The mantra at Cisco is 25G at the price of 10G and 100G at the price of 40G.
The Nexus 92160YC-X has 48 downlink ports running at 25 Gb/sec that can backstep to 10 Gb/sec when necessary (because the network interfaces on servers run at that speed) and have six ports that run at either 40 Gb/sec or four ports that run at 100 Gb/sec. It costs $20,000. The ACI-enabled variant of this switch is the Nexus 93180YC-EX, and it costs $22,500 and has all the same feeds and speeds otherwise. The currently shipping predecessor Nexus 9372, which has 48 downlink ports running at 10 Gb/sec and six uplinks running at 40 Gb/sec, costs the same $22,500. So if you don’t want ACI, it is cheaper to buy 25 Gb/sec ports than it is 10 Gb/sec ports, although Cisco won’t talk about it that way. We also suspect that Cisco will charge a slight premium for its own ASICs versus the Broadcom Tomahawks, but maybe not. Maybe its own chips will be significantly cheaper, and that is what chairman John Chambers was talking about last year when he said he would be taking the fight to the white box switch makers.

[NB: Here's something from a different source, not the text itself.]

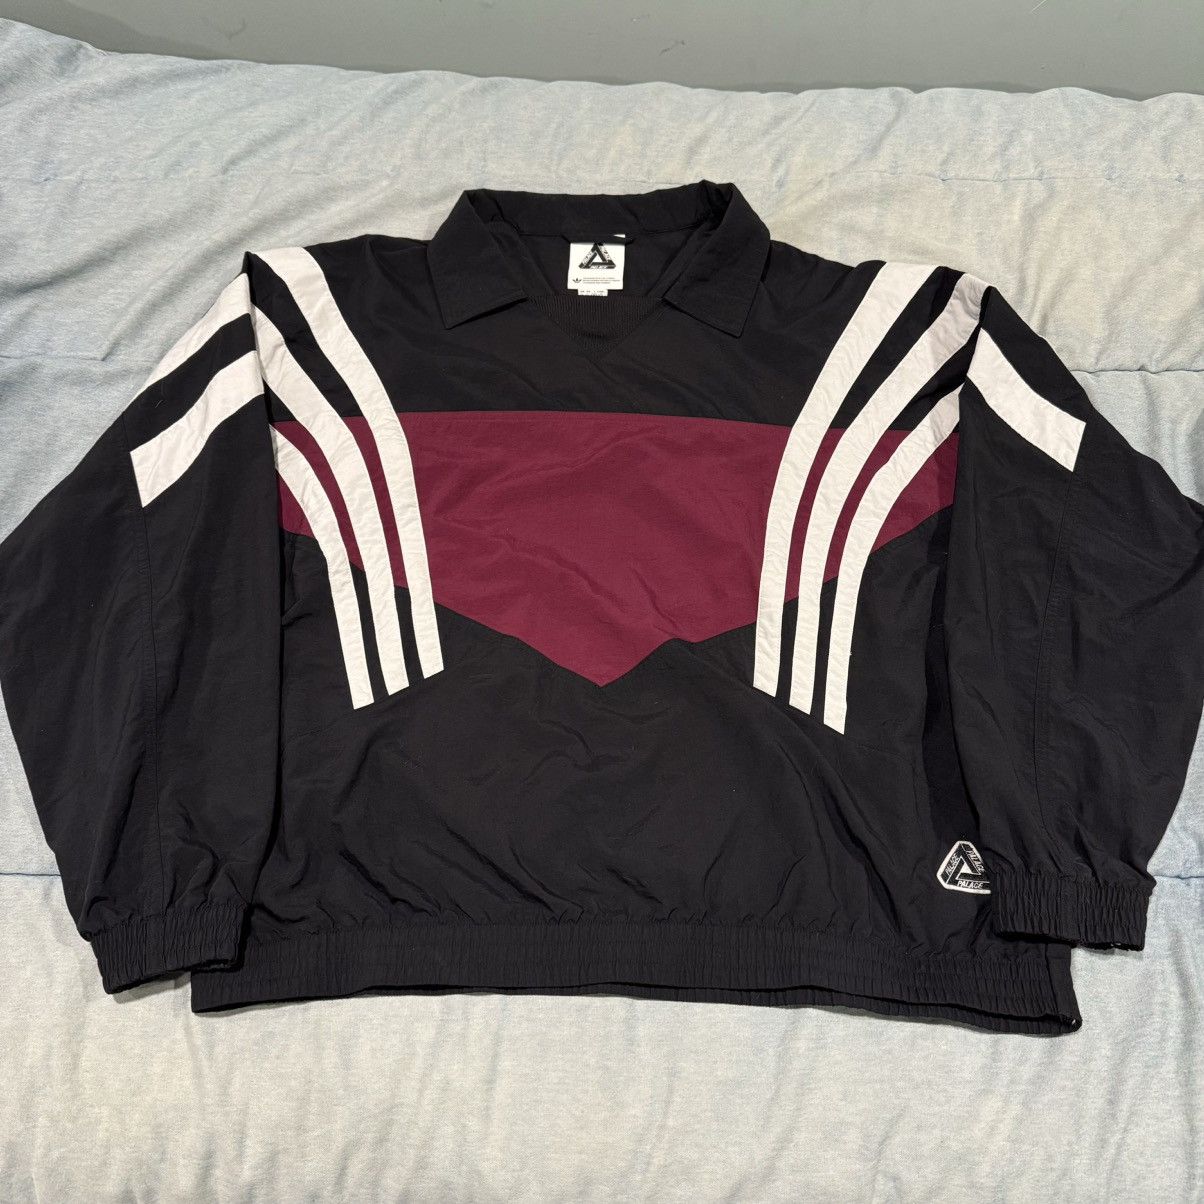 Adidas Palace X Adidas Originals Warm Up Shower Pullover Top | Grailed

The Nexus 9500 series of modular switches are also being updated with the CloudScale chips. The backplane on this monster supports an aggregate of 172.8 Tb/sec of bandwidth on the largest configuration, which has sixteen line cards. (Other models have four or eight line cards.) Cisco is offering a 32-port line card with 100 Gb/sec ports based on the CloudScale chips, which can use cable splitters to drop the ports down to 25 Gb/sec or 50 Gb/sec. Fully loaded, the top-end 9516 can house 2,048 ports running at 25 Gb/sec, 1,024 ports running at 50 Gb/sec, and 512 ports running at 100 Gb/sec. Pricing for these modular switches is generally not given out, and this announcement is no exception. But it will be considerably higher than the cost of the fixed port switches based on the CloudScale chips – that much we know for sure.